Apple has suffered a setback in its long-running Apple Watch patent infringement battle with medical technology company Masimo. A court has ruled that Apple has indeed infringed one of Masimo’s patents in the Apple Watch Series 6 and up.
Masimi is seeking a US import on all current Apple Watches. If granted, this would effectively end Apple Watch sales in the US, as the company would not be allowed to bring in the devices from China …
The battle between the two companies has a long history. Back in 2013, Apple reportedly contacted Masimo to discuss a potential collaboration between the two companies. Instead, claims Masimo, Apple used the meetings to identify staff it wanted to poach. Masimo later called the meetings a “targeted effort to obtain information and expertise.”
Apple did indeed hire a number of Masimo staff, including the company’s chief medical officer, ahead of the launch of the Apple Watch.
Masimo CEO Joe Kiano later expressed concern that Apple may have been trying to steal the company’s blood oxygen sensor technology. The company describes itself as “the inventors of modern pulse oximeters,” and its tech is used in many hospitals.
“Some of the talent (Apple recruited) has access to deep wells of trade secrets and information,” said Joe Kiani, chief executive officer of medical device firm Masimo Corp, who lost his chief medical officer to Apple in mid-2013. Kiani said that Apple was offering sizeable salaries with little indication of what researchers would be doing. “They are just buying people,” he said. “I just hope Apple is not doing what we’re doing.”
In 2020, the company sued Apple for stealing trade secrets and infringing 10 Masimo patents. The lawsuit asked for an injunction on the sale of the Apple Watch.
Apple has consistently denied the claims, and recently hit back with a counterclaim of its own, alleging that Masimo’s own W1 Advanced Health Tracking Watch infringes multiple Apple patents.

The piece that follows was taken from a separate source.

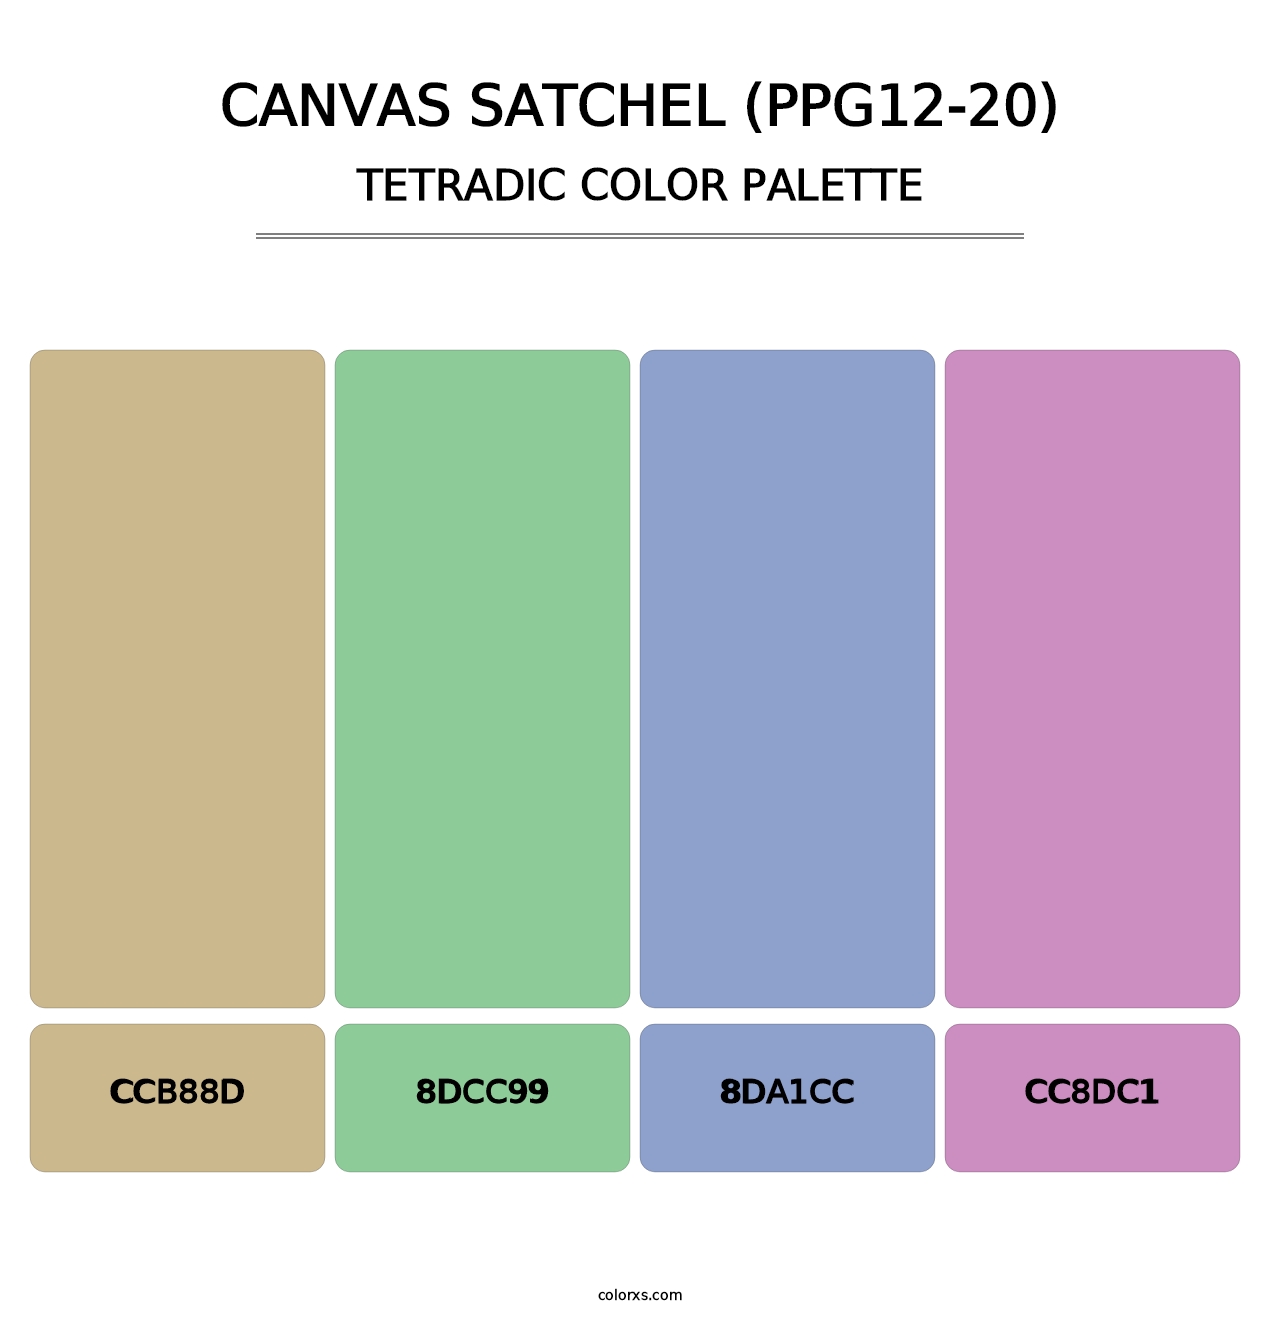 Canvas Satchel (PPG12-20) - Tetradic Color Palette

Apple Watch patent infringement ruling
Reuters reports that a US court has ruled against Apple on one of the patent claims.
A U.S. judge ruled that Apple had infringed on one of Masimo’s pulse oximeter patents by importing and selling certain Apple Watches with light-based pulse oximetry functionality and components, Masimo said on Tuesday.

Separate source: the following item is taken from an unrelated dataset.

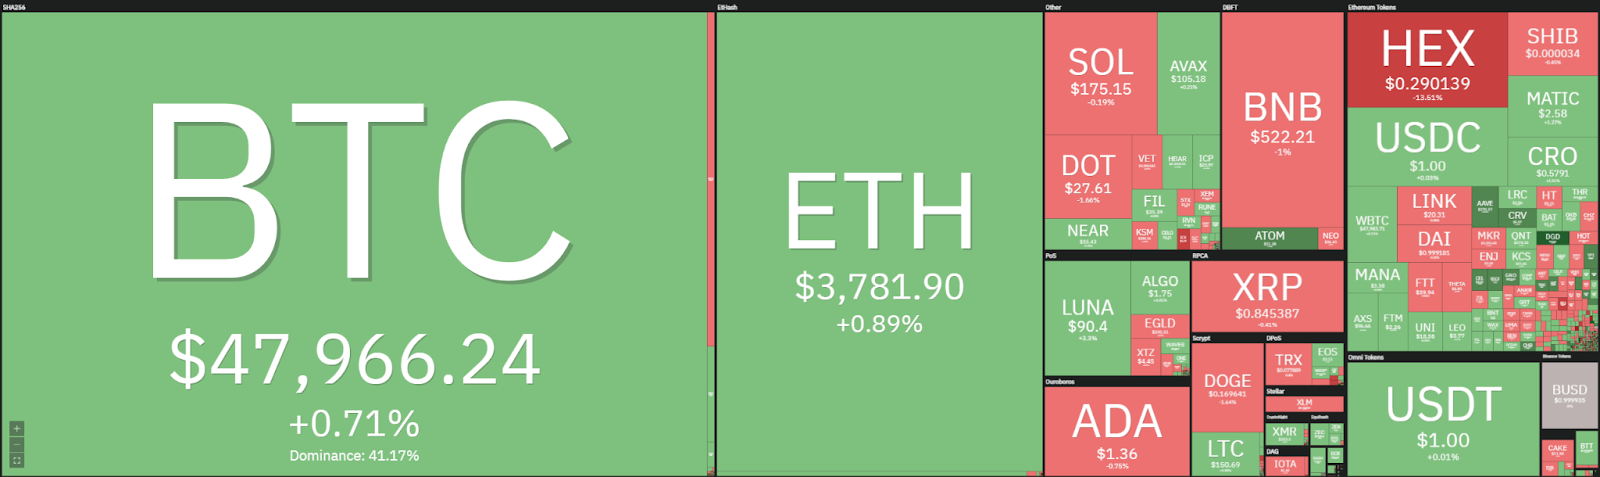 Análisis de precios de Ethereum: ETH aumenta por encima de los $ 3,800, ¿se rechaza más alza? 1

The United States International Trade Commission (USITC) will now consider whether to implement an import ban on these Apple Watches, the medical device maker said.

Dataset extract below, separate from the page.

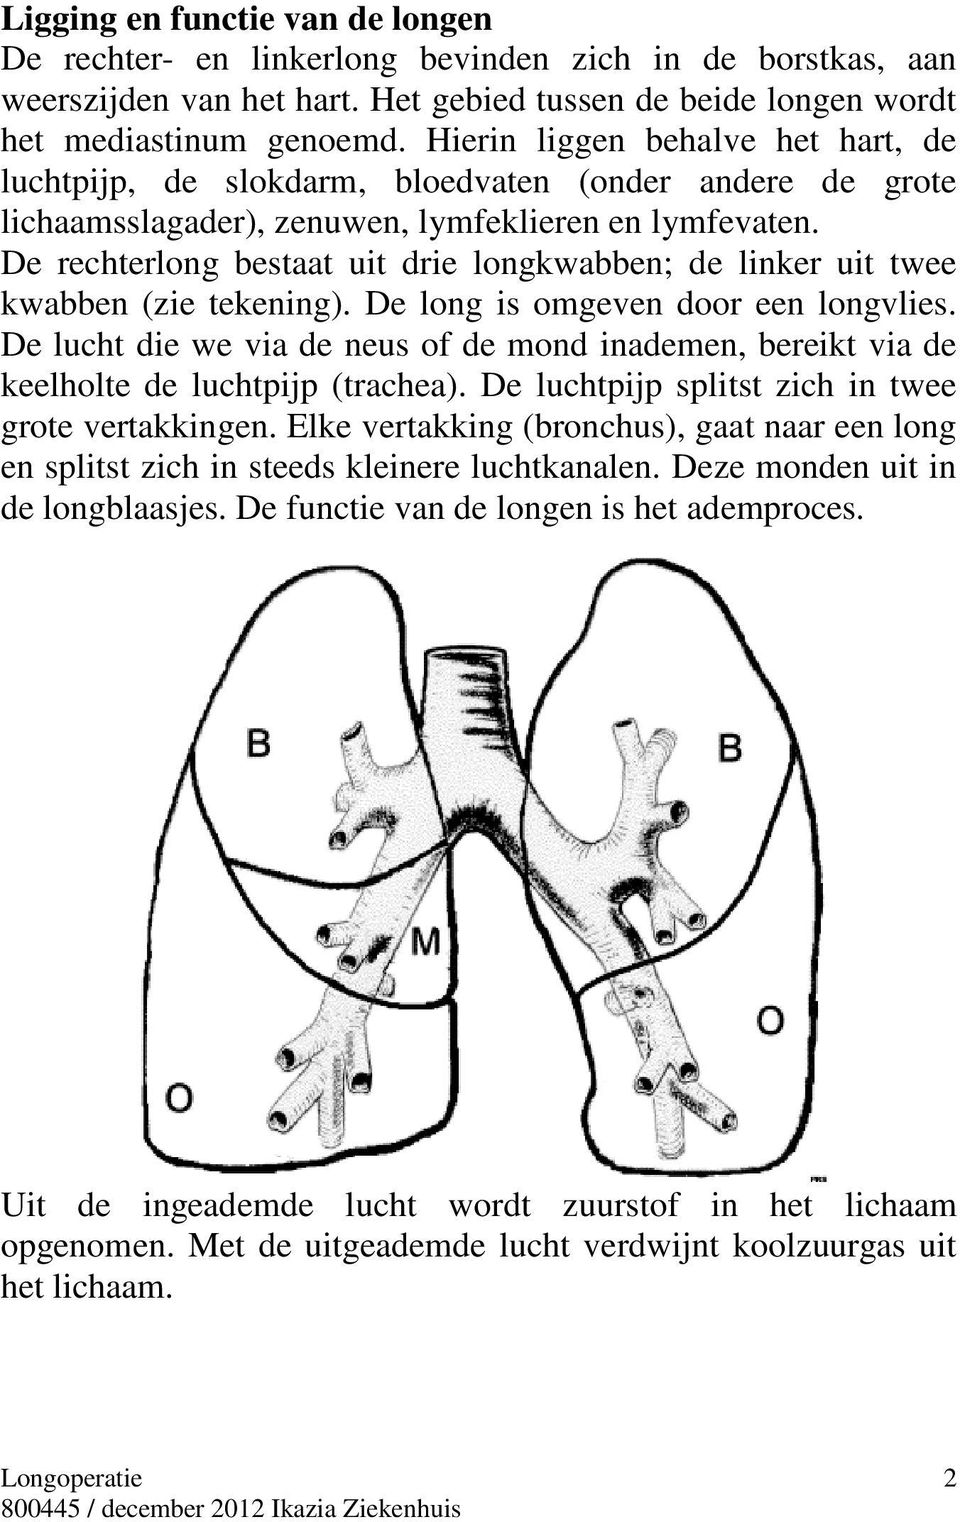 De rechterlong bestaat uit drie longkwabben; de linker uit twee kwabben (zie tekening). De long is omgeven door een longvlies.

“We respectfully disagree with today’s decision, and look forward to a full review by the Commission,” Apple said in a statement.
This is likely to be a tricky one to unravel. It’s clear that Apple did have access to a great many trade secrets from Masimo – which has long made medical monitoring equipment for hospitals – and it’s a matter of record that the Cupertino company poached several staff.
Pulse oximetry itself is very old tech, having been used in hospitals for decades, but usually it relies on a separate emitter and sensor on opposite sides of a finger or earlobe. Eliminating the need for this was a very significant development, without which the O2 functionality in the Apple Watch Series 6 and later would not be possible. Determining whether or not Apple developed this tech independently is not going to be a trivial task.
The ITC operates independently of the court system, so it’s entirely possible for it to reach a different conclusion.